95+ Buffalo Bills Jokes & Puns: A Stampede of Hilarity
Get ready to chuckle like a chicken crossing a football field because we’ve got the best Buffalo Bills jokes this side of the Mississippi 😂! This list of puns and funny jokes about the Buffalo Bills is sure to get the whole family laughing – from kids to adults, there’s something for everyone. 🏈 Get ready for some seriously clever humor and get those knee-slapping muscles ready! 🤣
Top Buffalo Bills Jokes – Best Picks
- Why did the Buffalo Bills fan bring a ladder to the game? Because they heard the seats were in the nosebleeds!
- What’s a Buffalo Bills fan’s favorite type of music? Anything but “All I Do Is Win.”
- Why did the Buffalo Bills team cross the road? I don’t know, but it probably involved tripping on the goal line.
- What does a Buffalo Bills fan do when their team finally wins the Super Bowl? They turn off the video game.
- What’s the difference between a Buffalo Bills fan and a pizza? A pizza can feed a family of four.
- Why are the Buffalo Bills like a herd of buffalo? They always seem to roam around aimlessly in January.

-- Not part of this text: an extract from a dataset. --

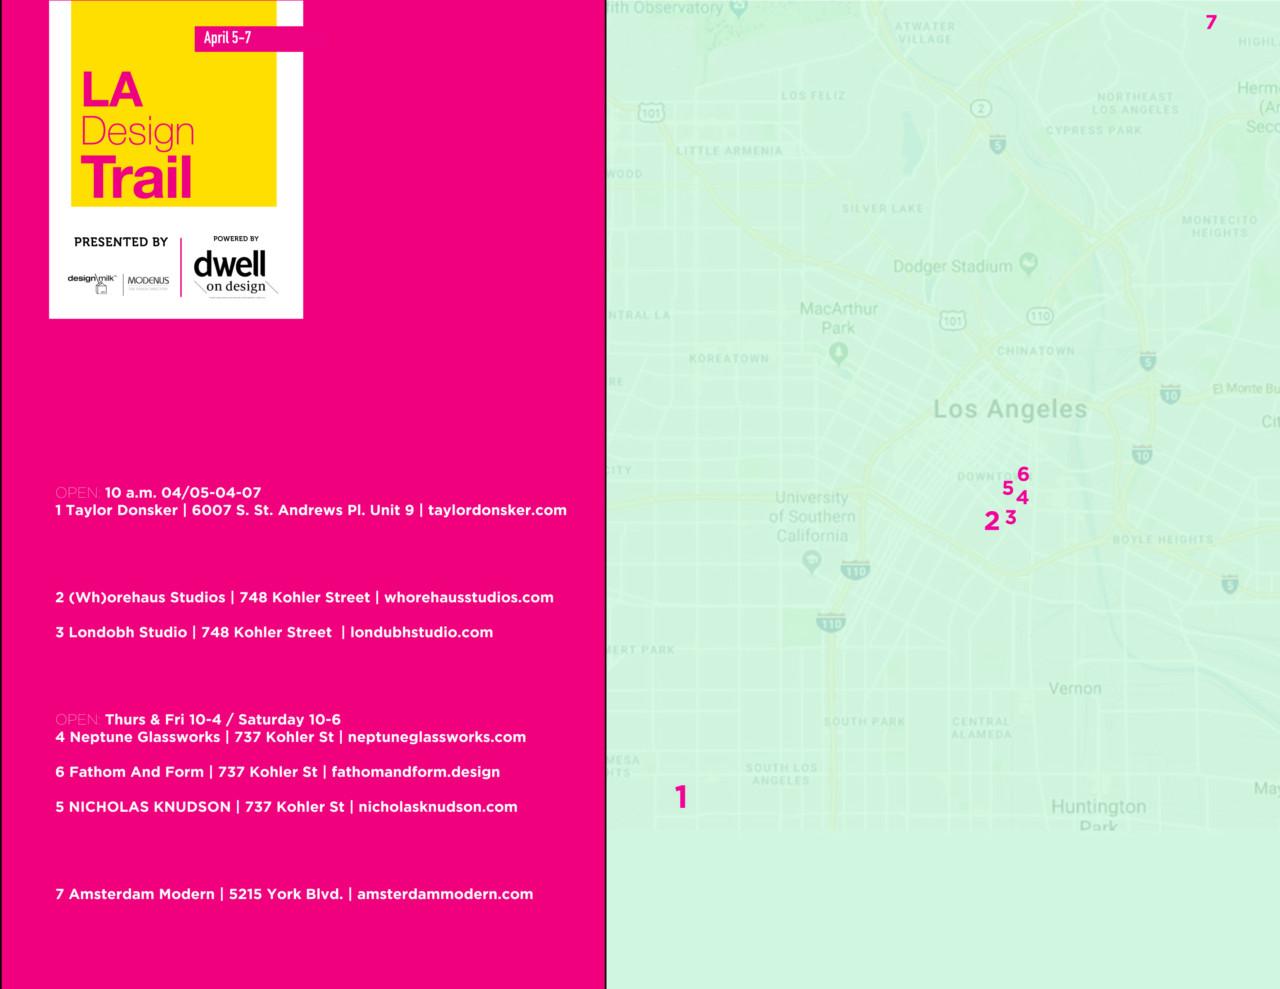 Introducing the 2018 LA Design Trail - Design Milk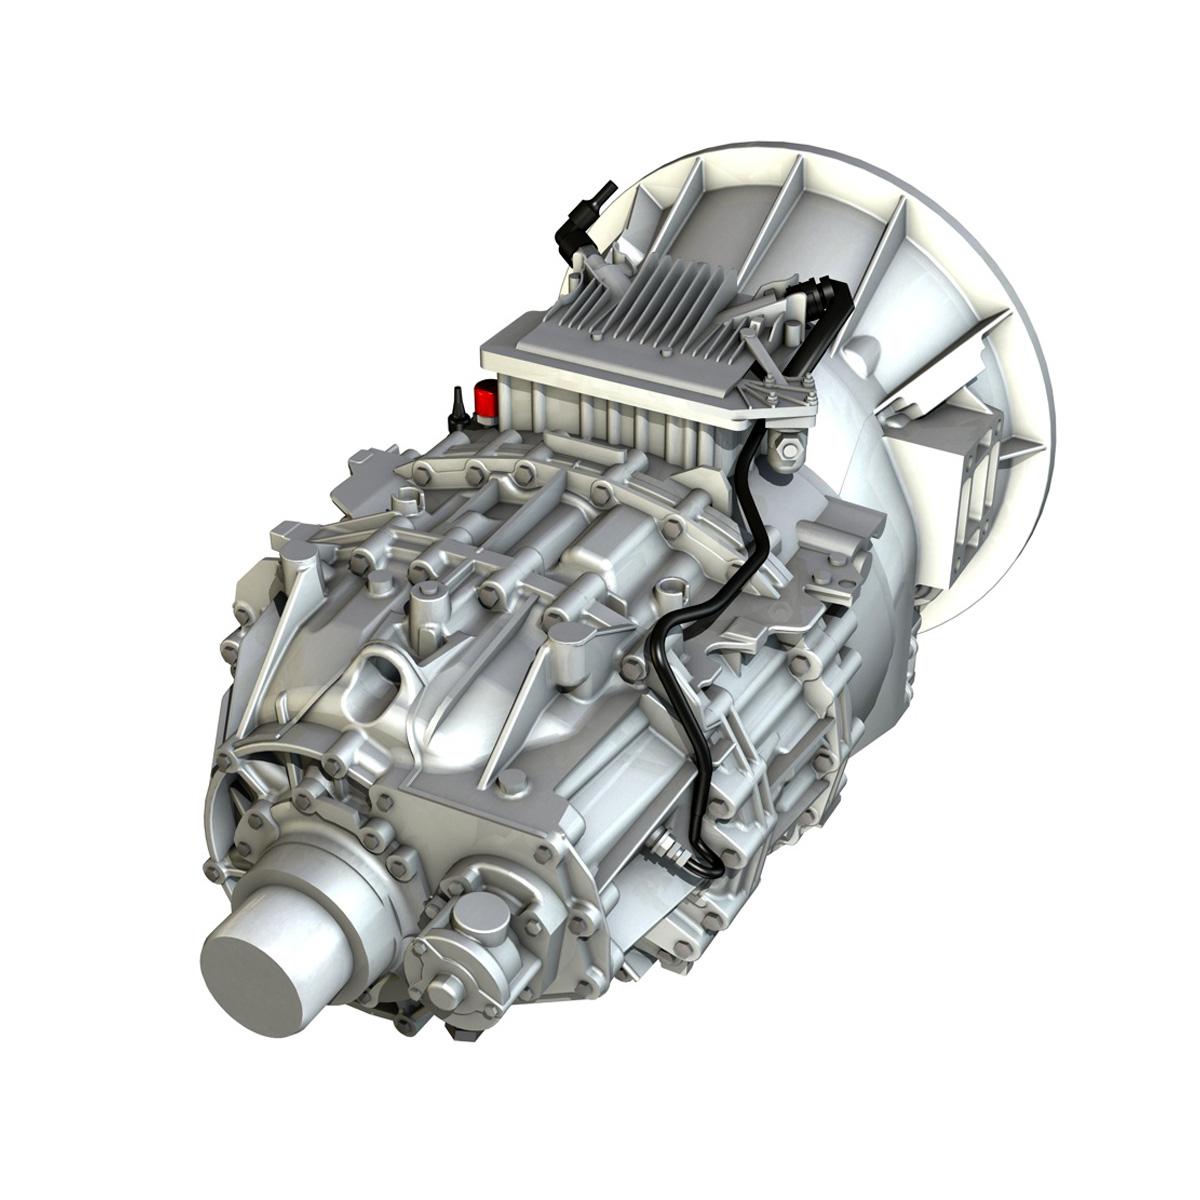 transmission 3d model 3ds c4d lwo obj 263908

- What do you get if you cross a Buffalo Bills fan with a groundhog? Six more weeks of winter… and disappointment.
- Why did the Buffalo Bills quarterback bring string to the game? To tie the game!
- I went to a Buffalo Bills game and saw a fight break out in the stands… Turns out it was just two fans arguing over who was more disappointed.
- How can you tell God is a Buffalo Bills fan? He gave them four Super Bowl chances… and then made them lose them all.
- What did the fan say to their friend when the Buffalo Bills scored? “Must be a glitch in the simulation.”
- My friend bet me the Buffalo Bills wouldn’t win a Super Bowl in my lifetime… I’m starting to get worried.
- I went to a psychic and asked if the Buffalo Bills would ever win the Super Bowl… She said, “I see a parade… in Kansas City.”
- What do you call a Buffalo Bills fan with a Super Bowl ring? A thief.
- Why do Buffalo Bills fans like to watch golf? Because it’s the only time they see someone wear a green jacket in January.
- What do you call 53 millionaires who can’t win a Super Bowl? The Buffalo Bills.
- What position do ghosts play on the Buffalo Bills? Haunt-erback.
- Why don’t Buffalo Bills fans watch the Super Bowl on anything but VHS? They like to be able to rewind the good parts.
- What’s the Buffalo Bills’ favorite play? Prevent defense… from winning the Super Bowl.
Clever Buffalo Bills Puns – Best Picks
- Drafting a kicker in the first round? That’s a bold move, Cotton. Let’s see if it Bills.
- The Bills’ new offensive coordinator is known for his explosive plays. Hopefully, their playbook won’t be the only thing that’s “Buffalo Wild.”
- With so many talented receivers, Josh Allen is really gonna’ “Bill”ieve this year.
- Their defense is looking tough! Opponents are gonna’ need a “Buffalo Bill” of Rights to score against them.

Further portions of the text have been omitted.